I saved a lot of time due to ChatGPT. Need to sign up some of my pupils for a competition by uploading their data in a csv-File to some plattform? Just copy and paste their data into chsatgpt and prompt it to create the file. The boss (headmaster) wants some reasoning why I need some paid time for certain projects? Let ChatGPT do the reasoning. Need some exercises for one of my classes that doesn't really come to grips with while-loops? let ChatGPT create those exercises (some smartasses will of course have ChatGPT then solve those exercises). The list goes on...
"Today’s hype will have lasting effects that constrain tomorrow’s possibilities."
Nope. No it won't. I'd love to have the patience to be more diplomatic but they're just wrong... and dumb.
I'm getting so sick of these anti AI cultists who seem to be made up of grumpy tech nerds behaving like "I was using AI before it was cool" hipsters and panicking artists and writers. Everyone needs to calm their tits right down.
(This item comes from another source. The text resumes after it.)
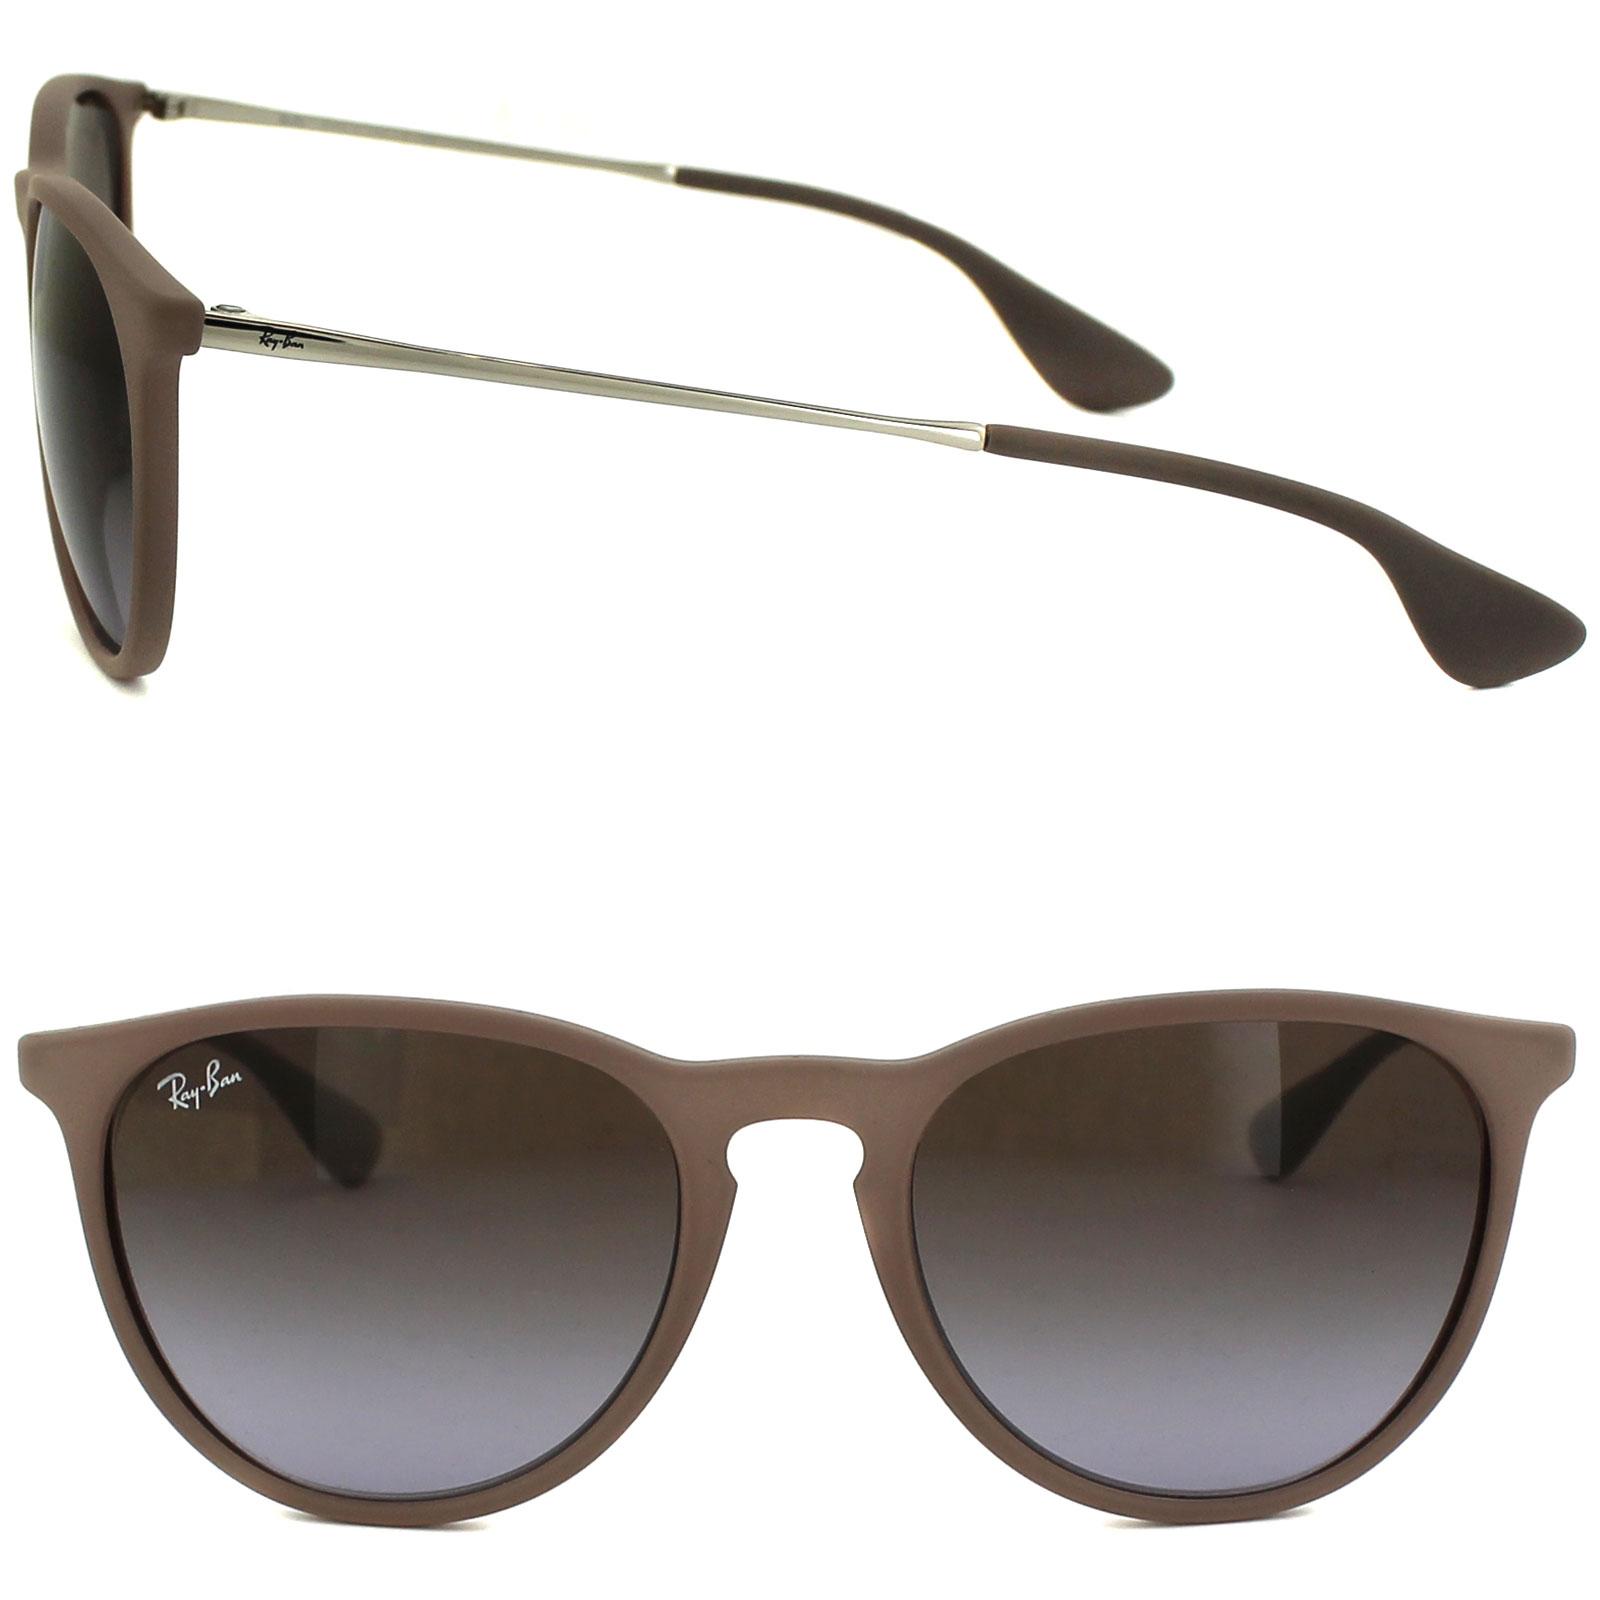 4f0a02f3ee Sentinel Ray-Ban Sunglasses 4171 600068 Dark Rubber Sand Brown Gradient

AI isn't going anywhere. It's giving creative and executive options to millions of people that just weren't there before.
We're in an adjustment phase right now and boundaries are being re-drawn around what constitutes creativity. My leading theory at the moment is that we'll all mostly eventually settle down to the idea that AI is just a tool. Once we're used to it and less starry eyed about it's output then individual creativity, possibly supported by AI tools, will flourish again. It's going to come down to the question of whether you prefer reading something cogitated, written, drawn or motion rendered by AI or you enjoy the perspective of a human being more. Both will be true in different scenarios I expect.
Honestly, I've had to nope out of quite a few forums and servers permanently now because all they do in there is circlejerk about the death of AI. Like this one theory that keeps popping up that image generating AI specifically is inevitably going to collapse in on itself and stop producing quality images. The reverse is so obviously true but they just don't want to see it. Otherwise smart people are just being so stubborn with this and it's, quite frankly, depressing to see.
Also, the tech nerds arguing that AI is just a fancy word and pixel regurgitating engine and that we'll never have an AGI are probably the same people that were really hoping Data would be classified as a sentient lifeform when Bruce Maddox wanted to dissassemble him in "The Measure of a Man".
I have no idea how people can consider this to be a hype bubble especially after the o3 release. It smashed the ARC AGI benchmark on the performance front. It ranks as the 175th best competitive coder in the world on Codeforces' leaderboard.
o3 proved that it is possible to have at least an expert AGI if not a Virtuoso AGI (according to Deep mind's definition of AGI). Sure, it's not economical yet. But it will get there very soon (just like how the earlier GPTs were a lot dumber and took a lot more energy than the newer, smaller parameter models).
Please remember - fight to seize the means of production. Do not fight the means of production themselves.